From: What is the impact of intellectual property rules on access to medicines? A systematic review

Theme

Author(s), date and reference number

Study Type/Methodology

Key relevant findings

Comparative country studies

Cockburn et al. 2014 [81]

Retrospective econometric study to determine how patent and price control policies, as well as economic and demographic factors, affect the speed and scope of diffusion of new pharmaceutical products across countries.

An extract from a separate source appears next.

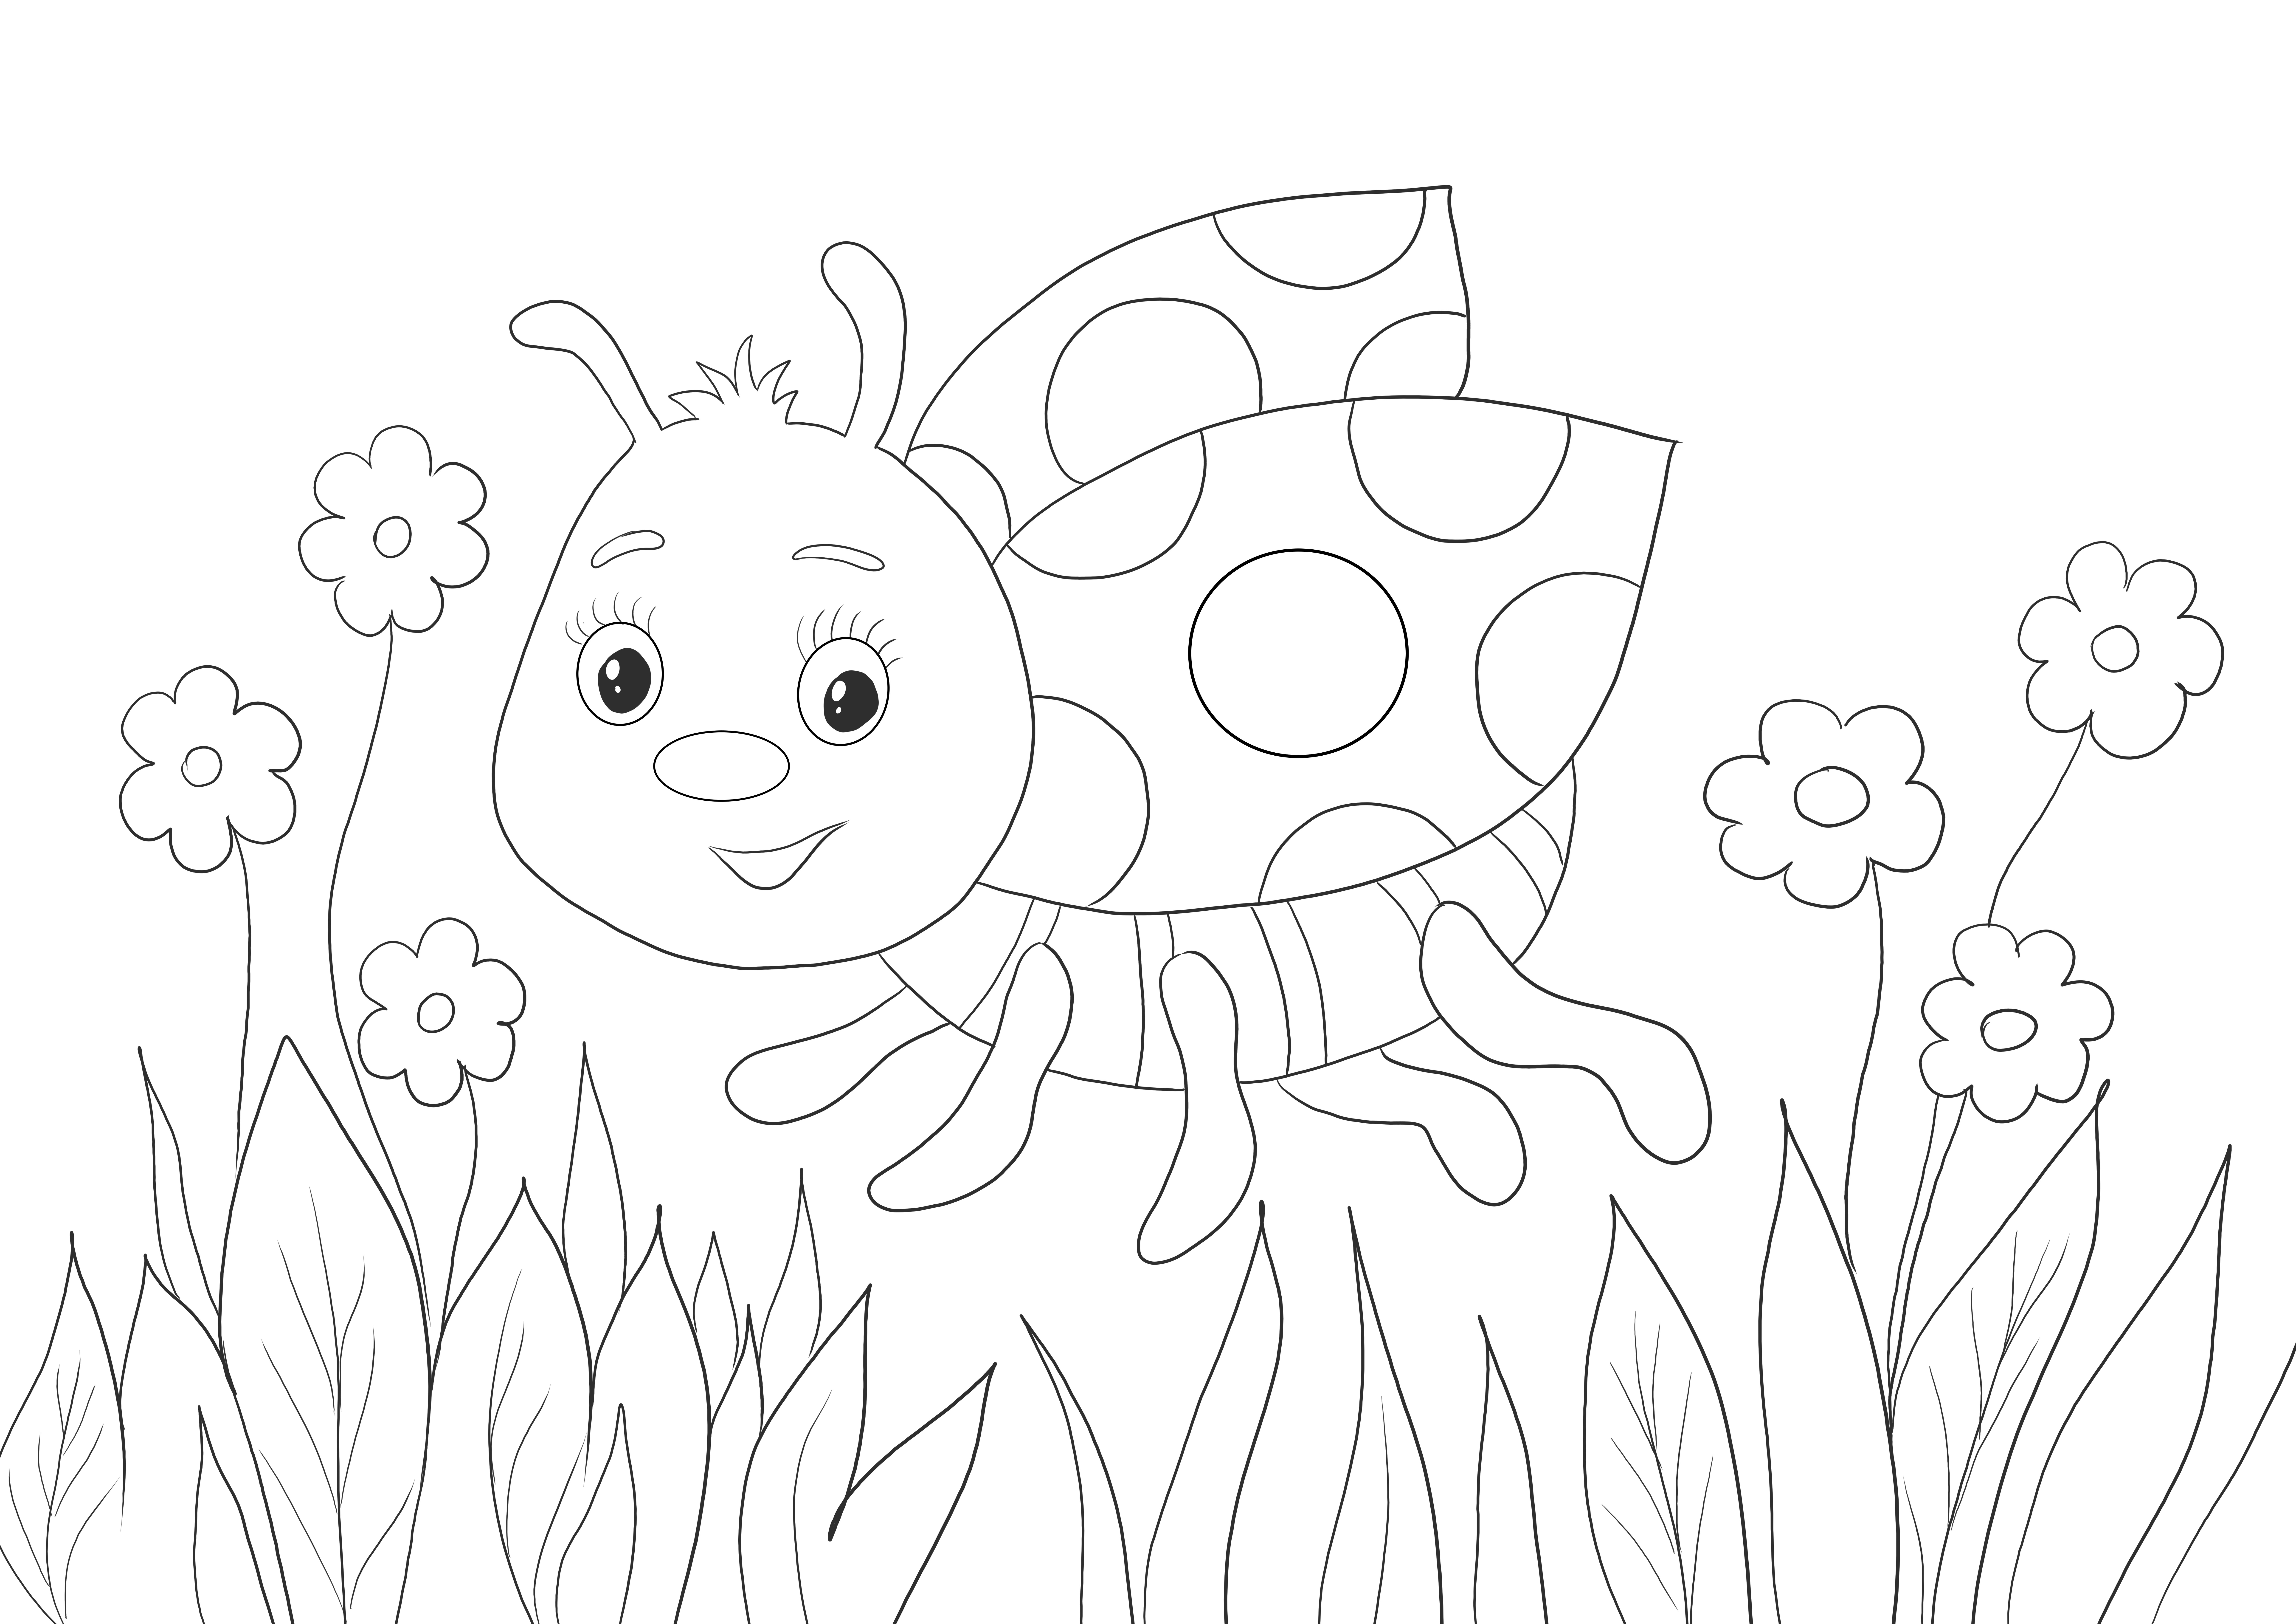 Smiling Lady Bug to color- free printing or saving for later image

Price regulation delays launch, while longer and more extensive patent rights accelerate it. Longer, and stronger, patent protection powerfully accelerates diffusion of new drugs. Controlling for economic and demographic factors, moving from a regime of no product patents to a long product patent term reduces launch lags by about 55%. Process patents also promote faster launch, but the impact is not as large as for product patents. Importantly, the impact of policy regimes holds equally for low- and middle-income countries as for high-income countries.

 

Lanjouw 2005 [82]

Retrospective econometric study to determine how legal and regulatory policies affect whether new drugs are marketed in a country, and how quickly.

Less than one-half of the new pharmaceutical molecules that are marketed worldwide are sold in any given country, and those that are sold are often available to consumers in one country only 6 or 7 years after those in another. Both price regulation and IP rights influence these outcomes. A stronger patent regime is associated with more of the drug launch in a country being done by the originator firm. Overall, two-thirds of all drug launches and three-quarters of blockbuster launches are done by the originator firm.

 

Watal and Dai 2019 [83]

Retrospective econometric study to investigate how the introduction of product patents in pharmaceuticals affects the likelihood of pharmaceutical firms to launch new and innovative medicines in those markets. Also looks at how much patent owners or generic pharmaceutical firms adjust their prices to local income levels.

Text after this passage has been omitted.